# 1963 Plymouth Fury Burnout at Autogeek!



## Mike Phillips (Jan 26, 2007)

*1963 Plymouth Fury Burning Out after filming "What's in the Garage" TV show!*

*Here's Carlos backing his 1963 Plymouth Fury with a 440 Wedge Big Block and Dual Quad Carburetors onto the set of "What's in the Garage".*










*With our new set layout each car needs to be carefully backed up and then crabbed into place. *


















*Once the car is in position we start filming the segment...*









*On my left is Frank Hawely, my guest celebrity for two episodes...*









*Here's Carlos and me getting a shot with his car on the set...*









*Now Carlos is moving the car out of the Studio, Nick and Darlene were on hand the entire day to help move cars in and out as well as create product displays...*









Here Carlos is saying something but I'm not sure what as his Plymouth Fury is kind of loud... in hindsight I think he was saying...

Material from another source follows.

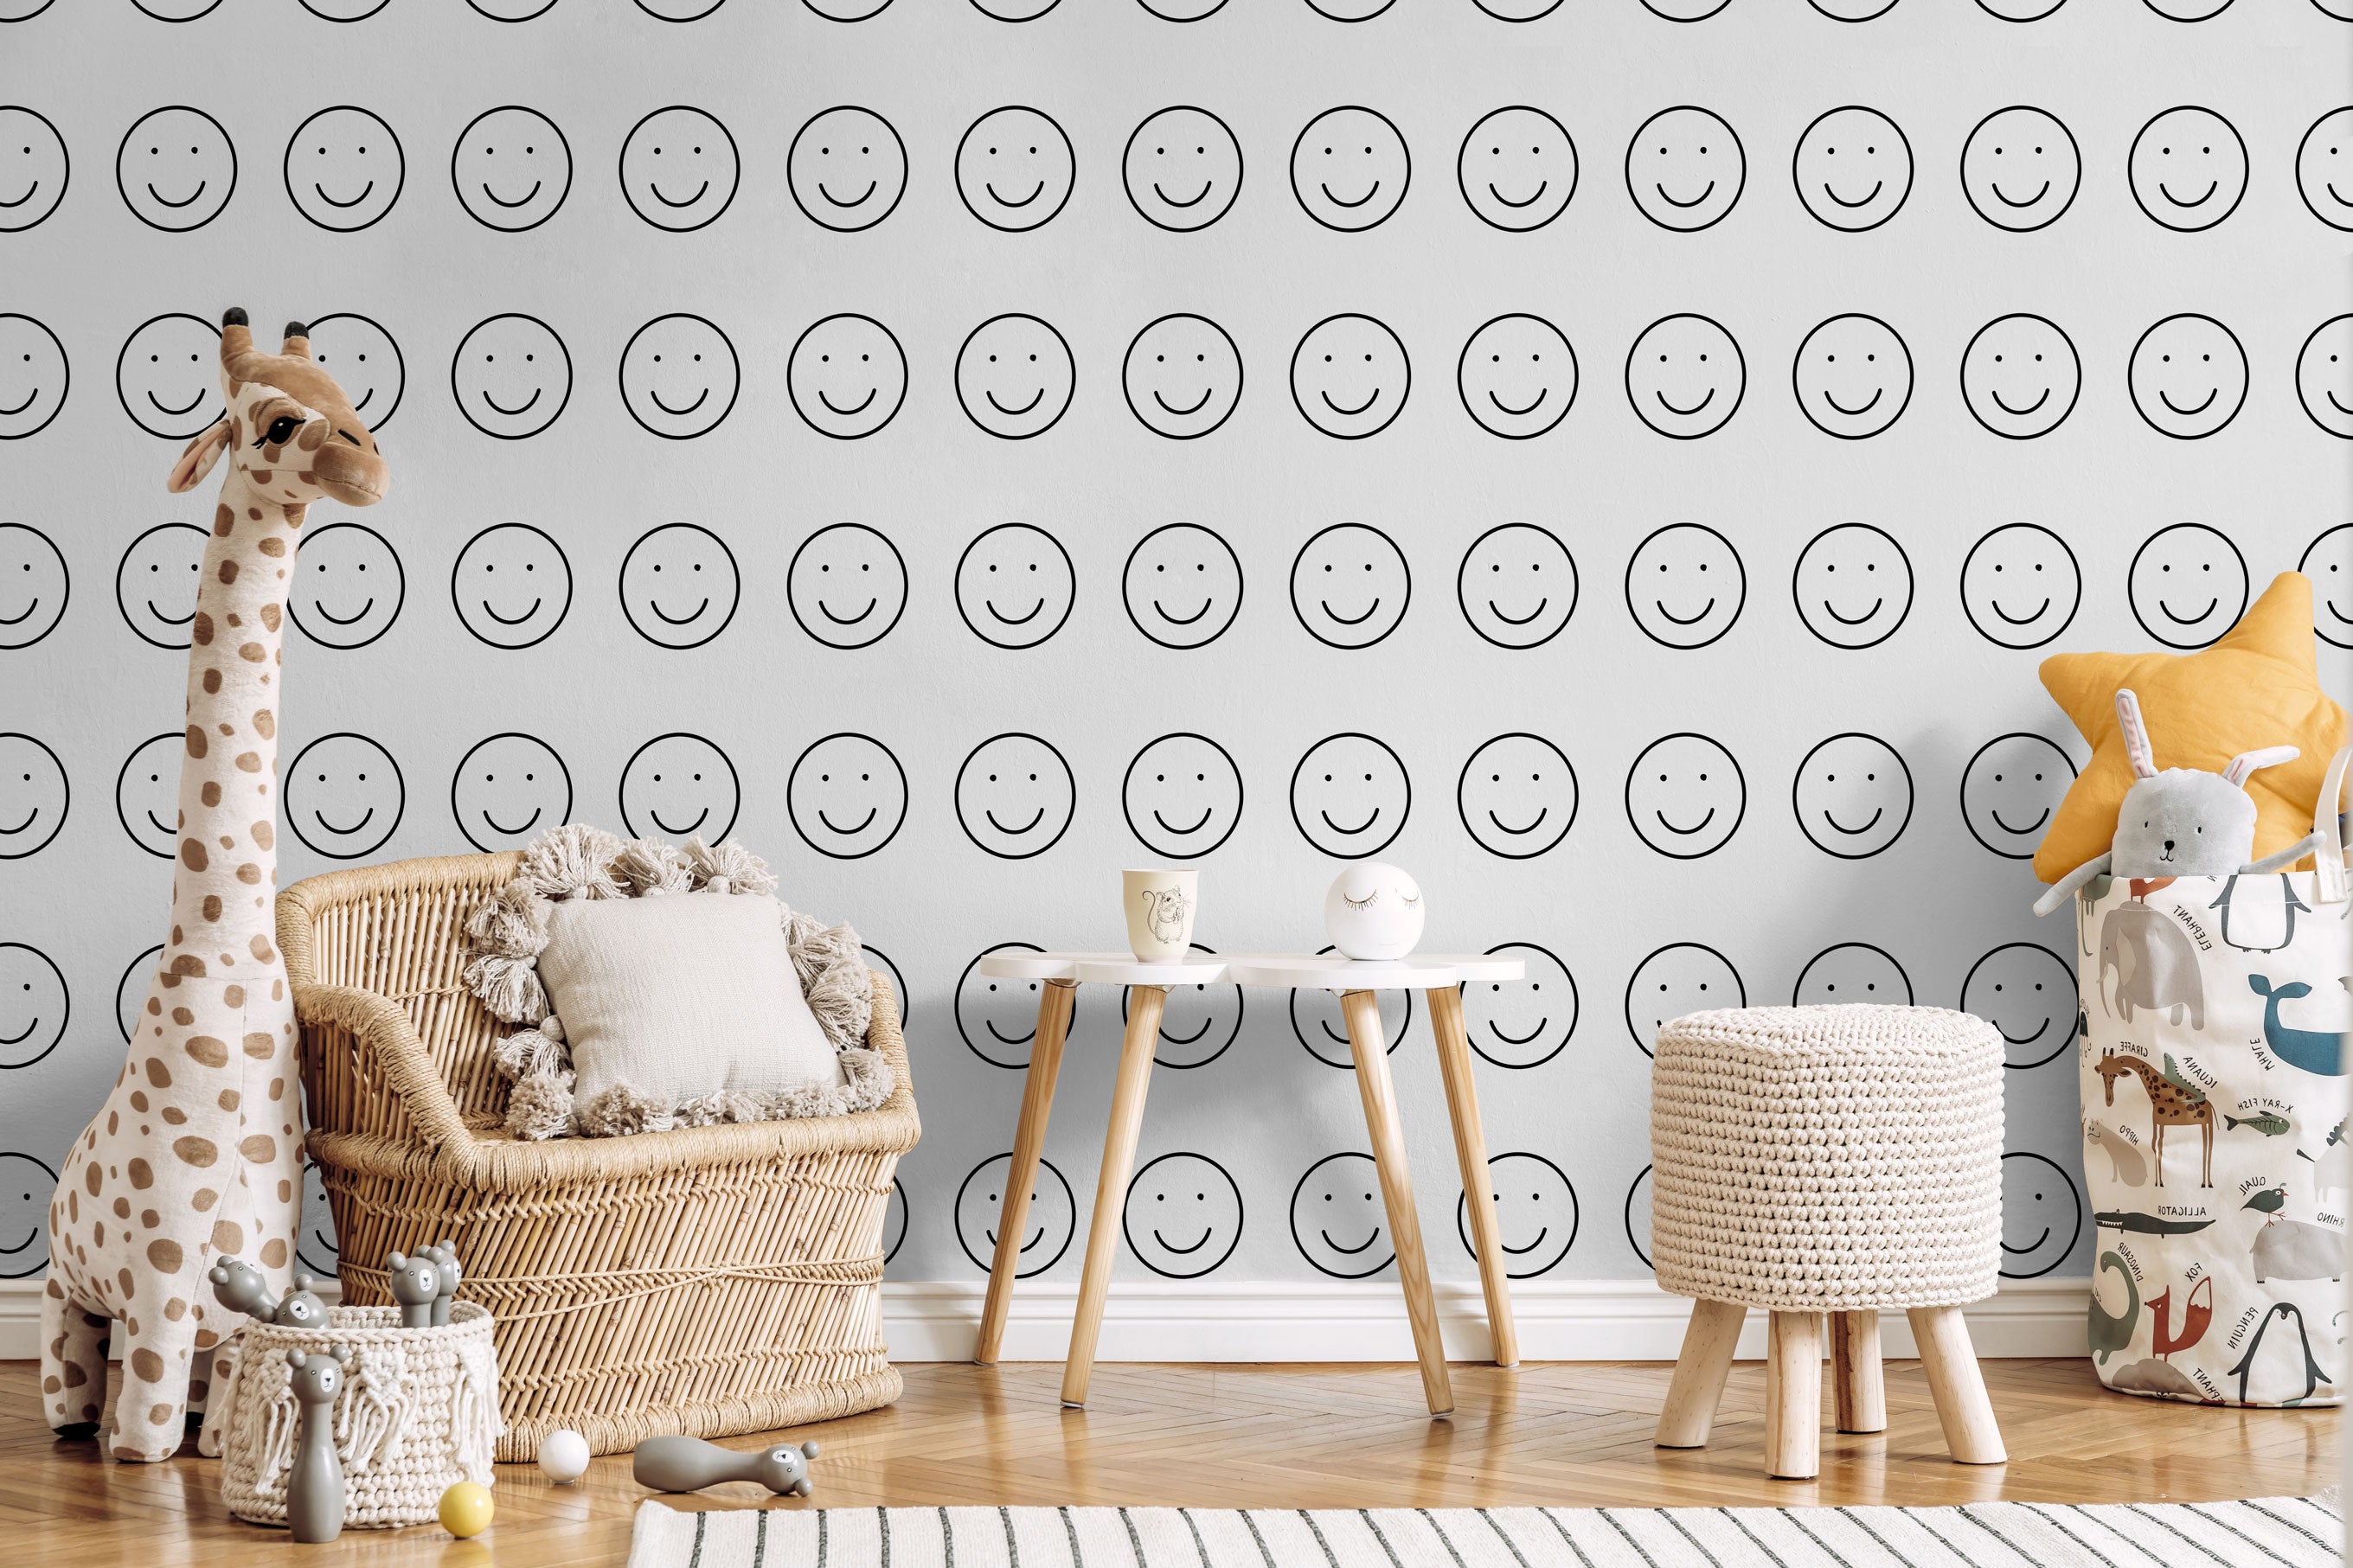 Be Happy Wallpaper Wallpaper - Wall Blush SG02 from WALL BLUSH

*"I'll do a burn-out as I leave"*










*I didn't hear what he said but I heard his tires when they started talking!*









*I quickly grabbed my trusty, dusty Canon Rebel and snapped a few pictures...*






















































*Carlos really laid down some rubber!*


















*The concrete is incredibly coarse...*



























*Tracking pretty straight!*









IF you're here for Detail Fest I'm pretty sure these are going to be here for a while, so maybe get your picture taken with the burnout laid down by Carlos with his 1963 Plymouth Fury!


----------